Some additional things of note:
- "Just when I thought I was out, they pull me back in!" (Long Don Corleone). Ironically in the week that Westinghouse Electric Corp. emerged out of its own bankruptcy proceeding, it may now find itself back in bankruptcy court for purposes of adjudicating its $2.36 million trade claim.
- Coal (#MAGA!!). A first order of business is the debtor is seeking to reject its coal transportation agreements with BNSF Railway Company ((owned by Berkshire Hathaway ($BRK.A)) and Norfolk Southern Railway Company ($NSC). Why? It expects to order 200,000 tons of coal less than the 2.5 million tons of coal minimum requirement delineated in the contract. The debtor claims that rejection of the contract will save it $105.6 million over the next 12 months as it replaces rail with barge transportation.
- Commodities. The company also seeks to reject certain uranium supply contracts because (i) it already has enough uranium inventory for the rest of 2018 and 2019, (ii) the spot price for uranium has dropped precipitously since entering into the agreements (from $36 and $48 per pound, respectively, to $22 per pound), and (iii) there is "ample supply of uranium available in the market."
- Professional Retentions: Two law firms represent the Ad Hoc Group of Holders of the 6.85% Pass Through Certificates due 2034 because George Davis departed O'Melveny & Myers LLP for Latham & Watkins LLP.
- Jurisdiction: N.D. of Ohio (Judge Koschik)
- Capital Structure: $3.8 billion funded debt
$700 million secured revolving credit facility, ~$332 million of '21 6.05% unsecured notes; (c) ~$363 million of '39 6.80% unsecured notes; and (d) $150 million revolving credit note with Allegheny Energy Supply Company, LLC under which $102 million is currently outstanding and is due on April 2, 2018.
~$328 million of secured fixed-rate pollution control revenue notes ("PCNs"); ~$677 million of unsecured fixed-rate PCNs
~$285 million of secured PCNs; ~$842 million of unsecured PCNs
- Company Professionals:
- Legal: Akin Gump Strauss Hauer & Feld LLP (Ira Dizengoff, Lisa Beckerman, Brad Kahn, Scott Alberino, Kate Doorley, David Applebaum, Todd Brecher, Sean O'Donnell, Rachel Presa, Brian Carney, Abid Qureshi, Joseph Sorkin, David Zensky) & (local) Brouse McDowell LPA (Marc Merklin, Kate Bradley, Bridget Franklin) & (conflicts) Willkie Farr & Gallagher LLP
- Financial Advisor/CRO: Alvarez & Marsal North America LLC (Charles Moore)

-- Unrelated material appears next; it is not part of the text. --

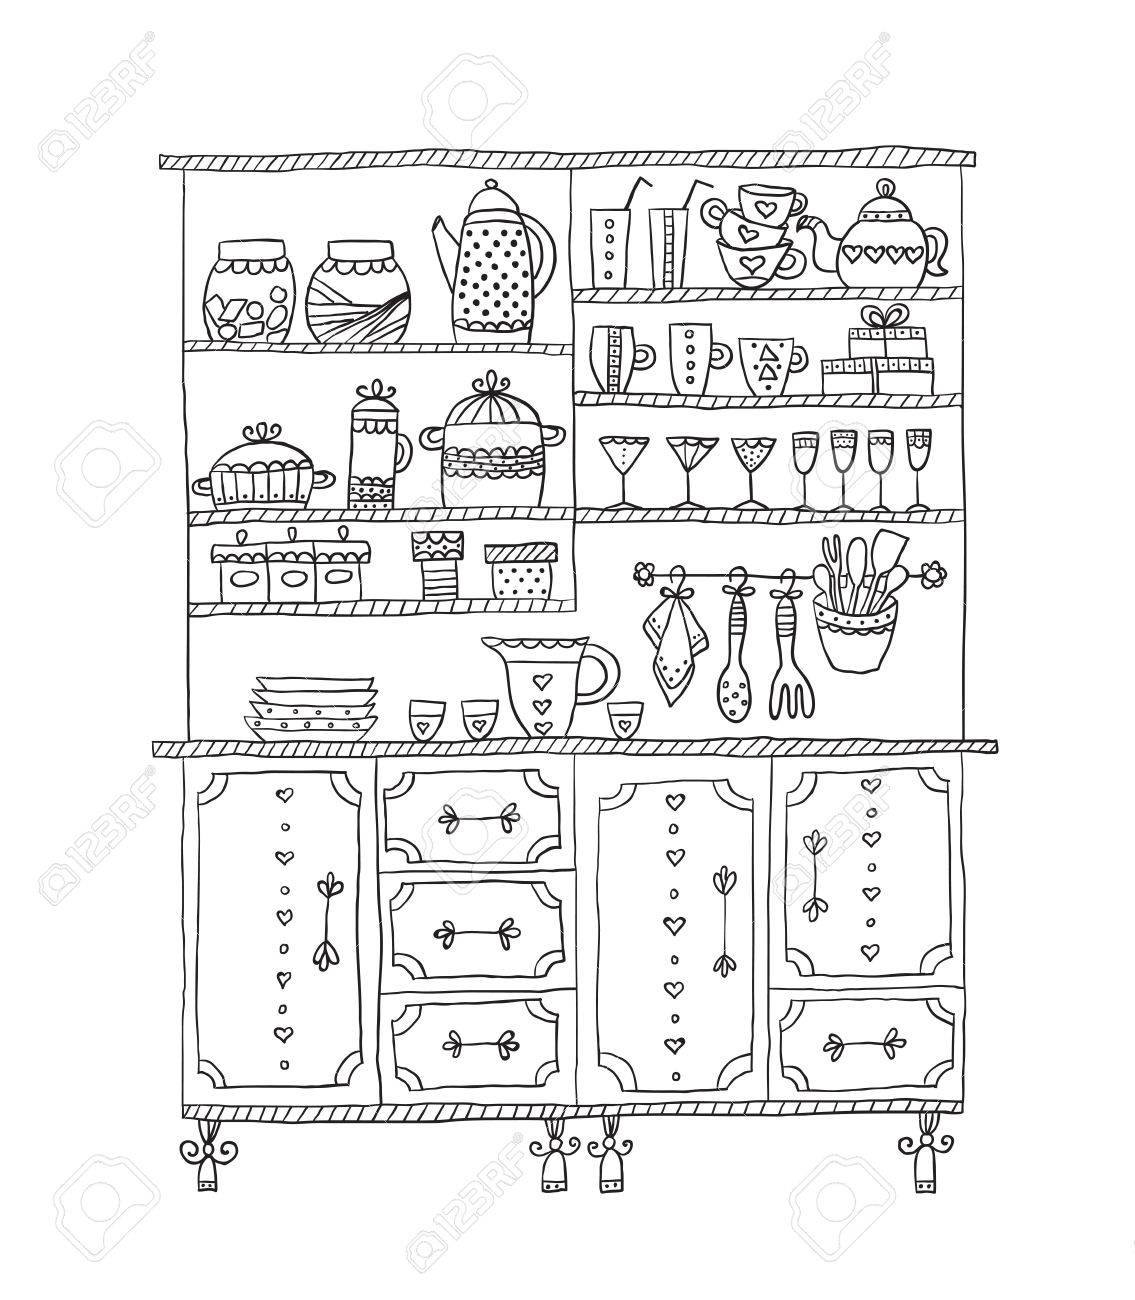 Kitchen Cabinet with various utensils. Design elements of kitchen.

- Investment Banker: Lazard Ltd.
- Claims Agent: Prime Clerk LLC (*click on company name for docket)
- Special Nuclear Regulatory Counsel: Hogan Lovells US LLP
- Industry Consultants: ICF International Inc.
- Special Litigation Counsel: Quinn Emanuel Urquhart & Sullivan LLP
- Tax Consultant: KPMG US LLP
- Communications Consultant: Sitrick and Company
- Other Parties in Interest:
- Board of Directors of FirstEnergy Corp.
- Legal: Squire Patton Boggs (US) LLP (Stephen Lerner, Peter Morrison, Julia Furlong)
- Wilmington Savings Fund Society FSB
- Legal: KIlpatrick Townsend & Stockton LLP (Todd Meyers, Michael Langford) & (local) McDonald Hopkins LLC (Michael Kaczka, Scott Opincar, Maria Carr)
- Indenture Trustee: Bank of New York Mellon Trust Company, N.A.
- Indenture Trustee to PCNs: UMB Bank, National Association
- Ad Hoc Group of Holders of the 6.85% Pass Through Certificates due 2034
- Legal: O'Melveny & Myers LLP & Latham & Watkins LLP
- Financial Advisor: Guggenheim Partners LLC
- Ad Hoc Group of Holders of PCNs issued by FG and NG
- Legal: Kramer Levin Naftalis & Frankel LLP
- Financial Advisor: GLC Advisors & Co.
- Contract Counterparty: BNSF Railway Company
- Legal: Whitmer & Eherman LLC (Mary Whitmer, James Ehrman, Robert Stefancin)
- Non-debtor Parent: FirstEnergy Corp.
- Legal: Jones Day (Heather Lennox, Thomas Wilson)
- Board of Directors of FirstEnergy Corp.